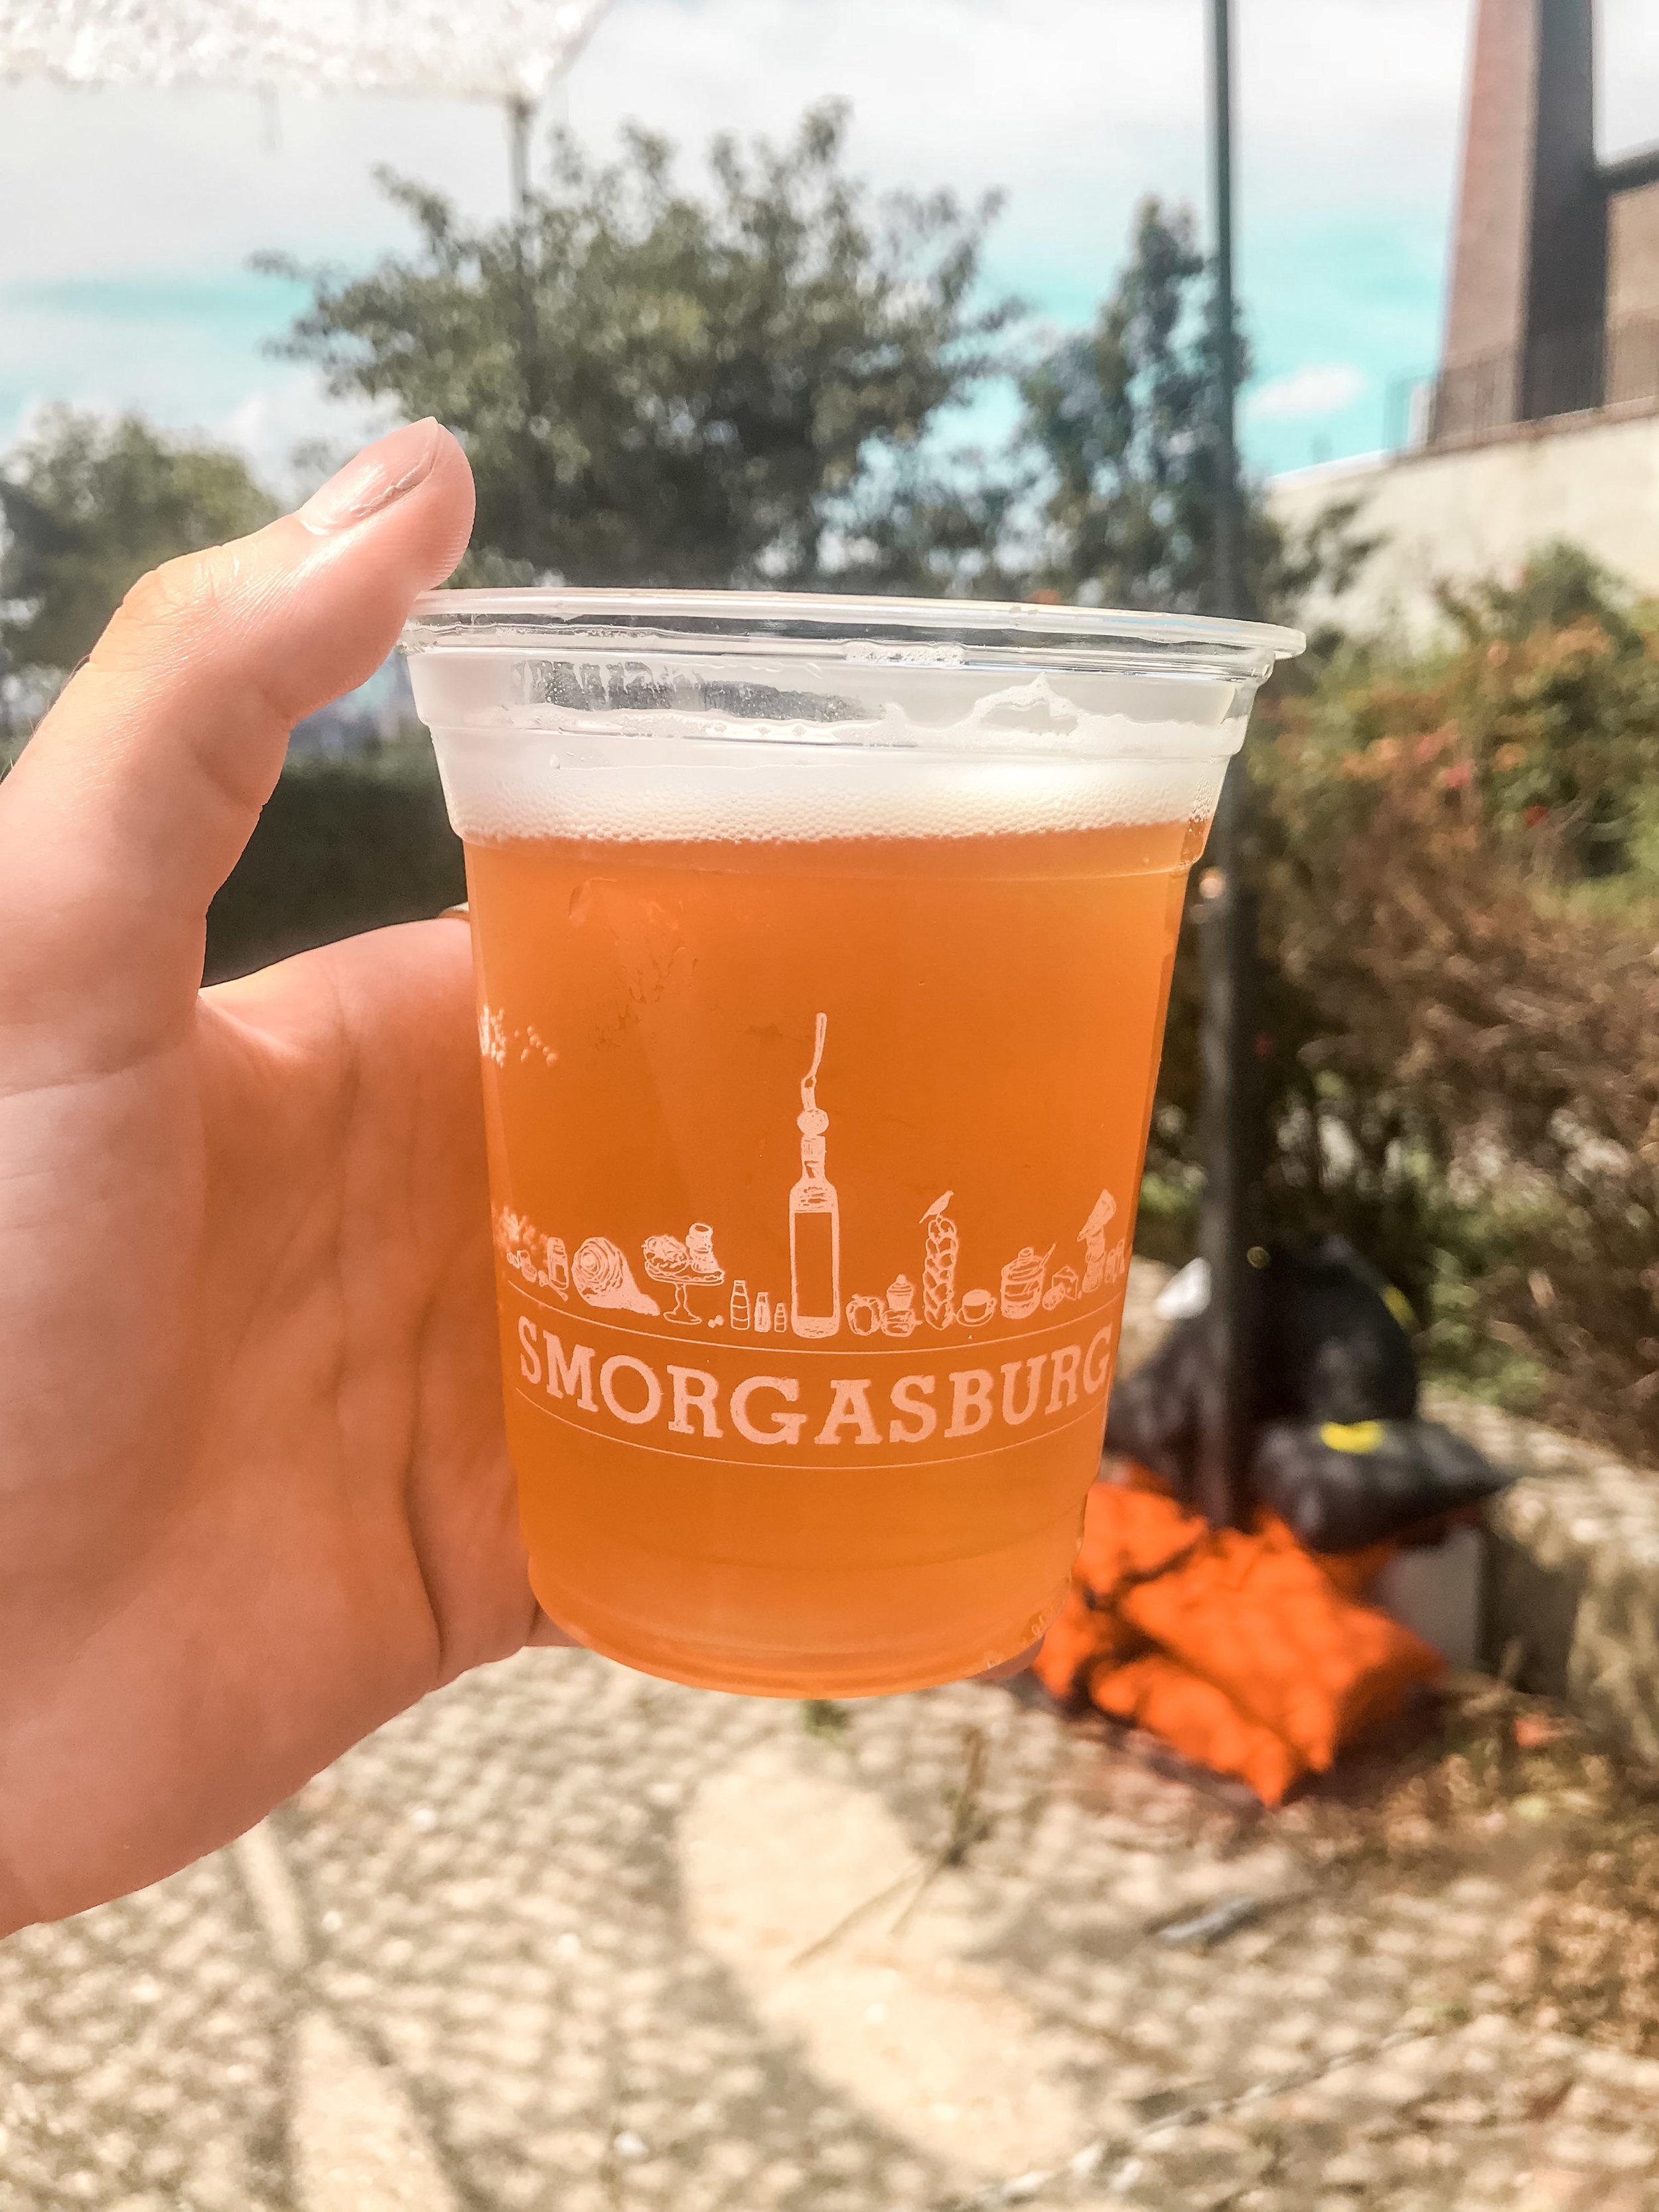 Smorgasburg Brooklyn, Beer, Summers in New York City.jpg
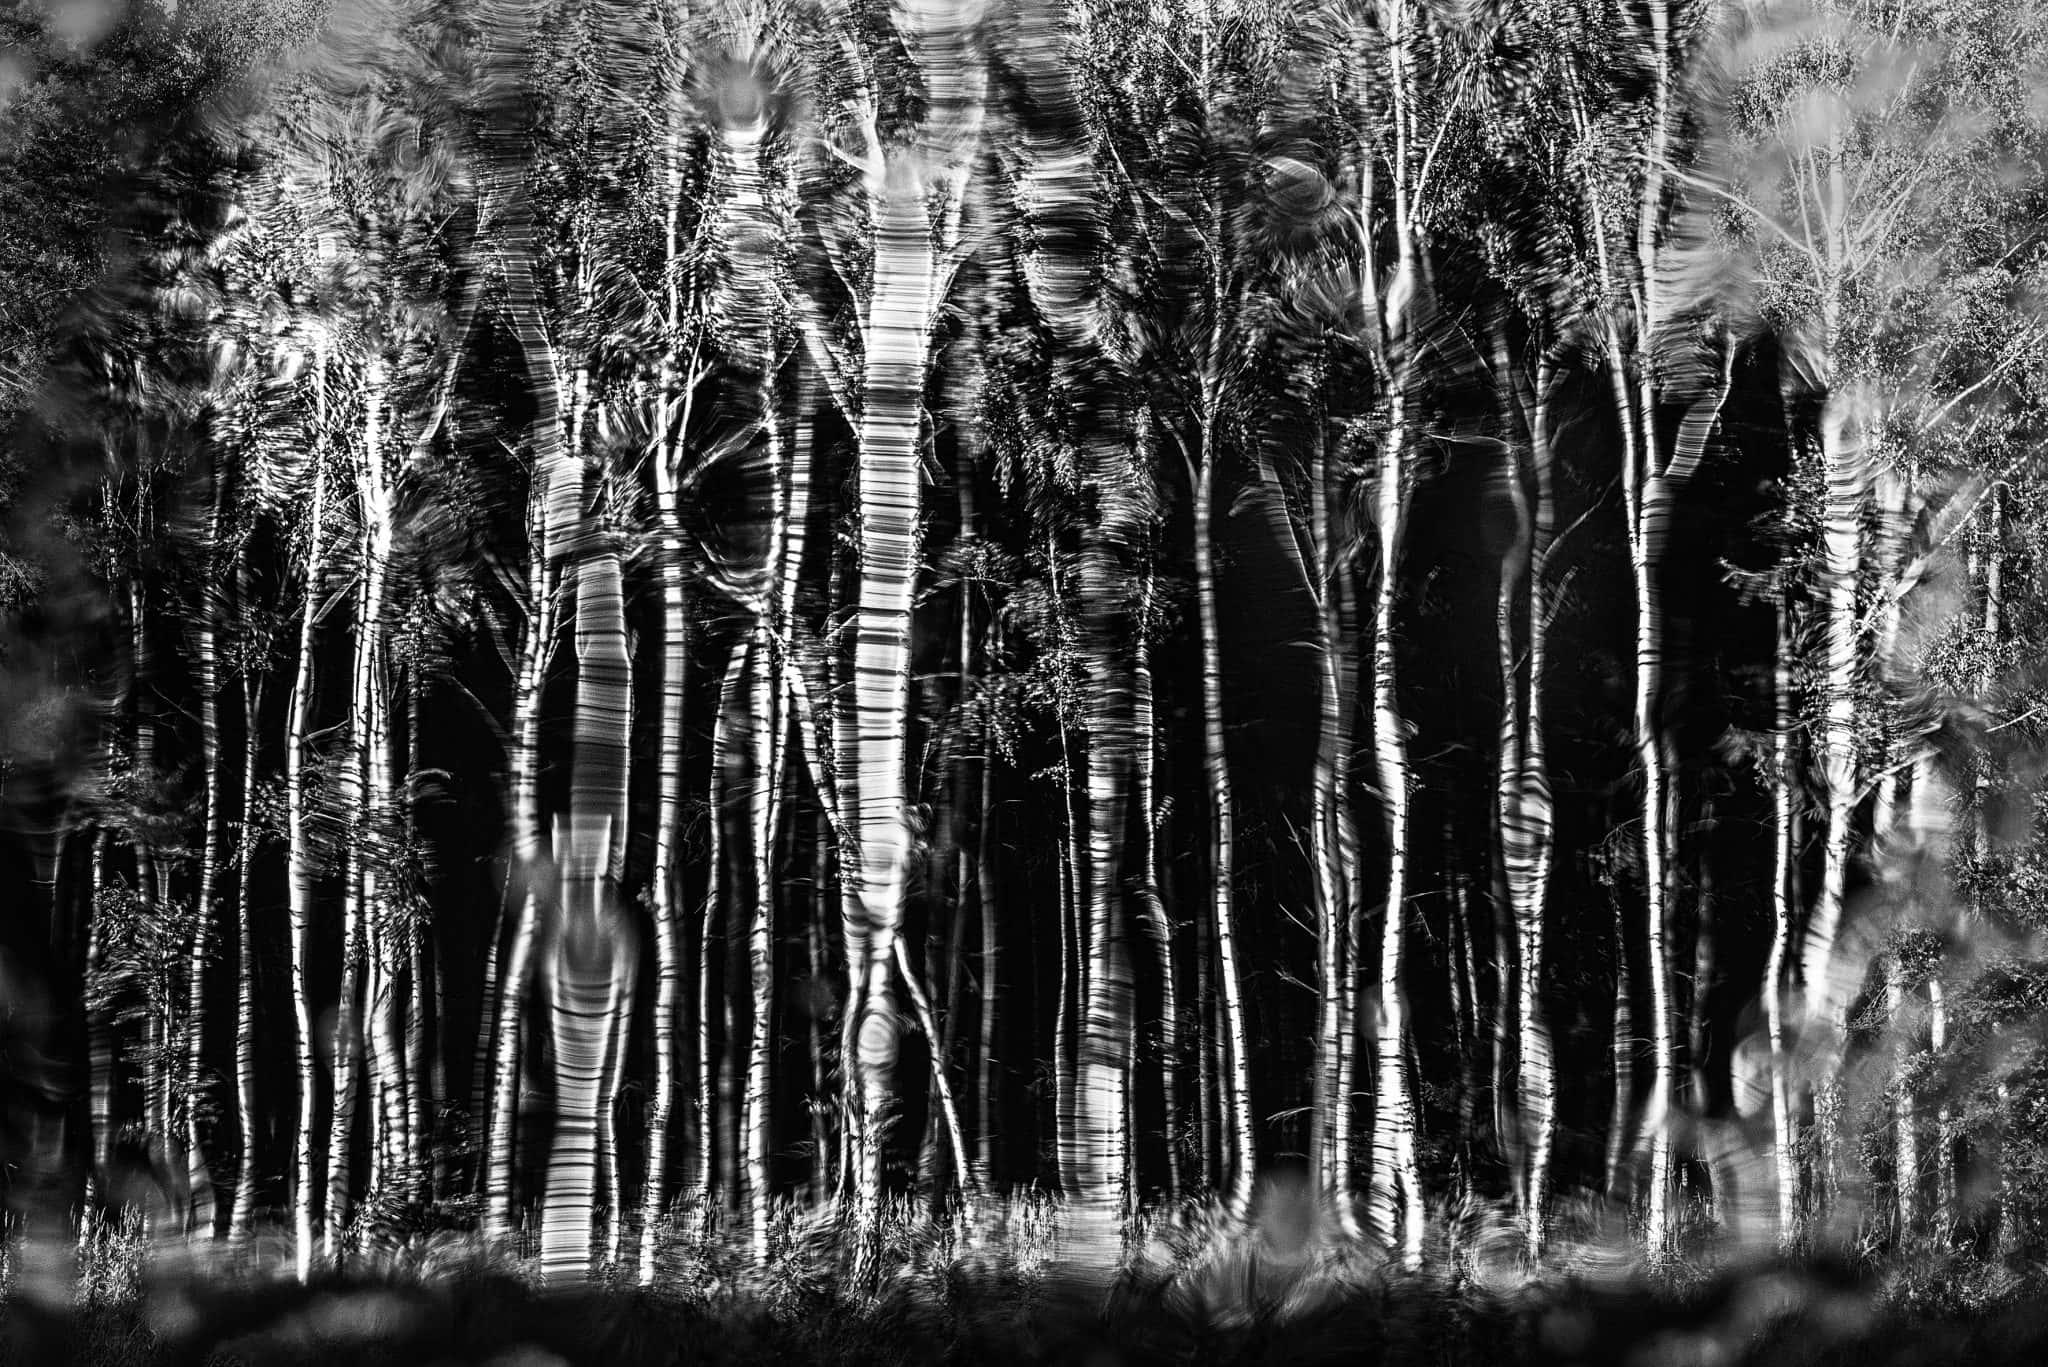 las brzozowy
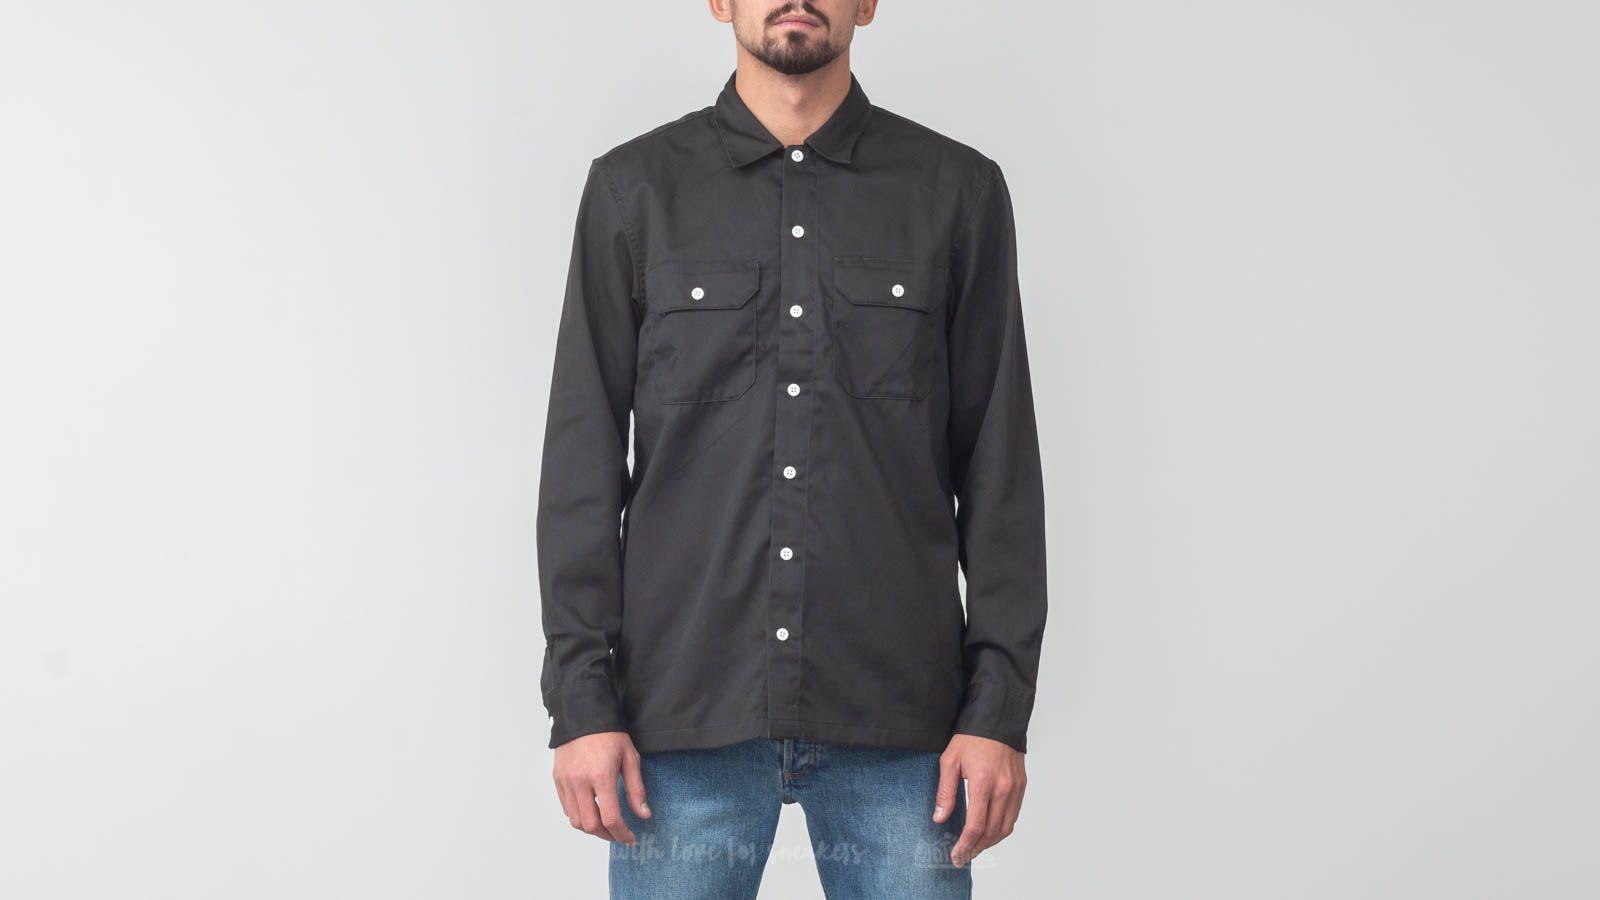 Košile Carhartt WIP Longsleeve Master Shirt Asphalt Rinsed

------------------------------

Required work> Transcribe the material exactly, and leave out whatever pictures it holds.

Result for this task>
 Smorgasburg Brooklyn, Beer, Summers in New York City.jpg
 las brzozowy
 Košile Carhartt WIP Longsleeve Master Shirt Asphalt Rinsed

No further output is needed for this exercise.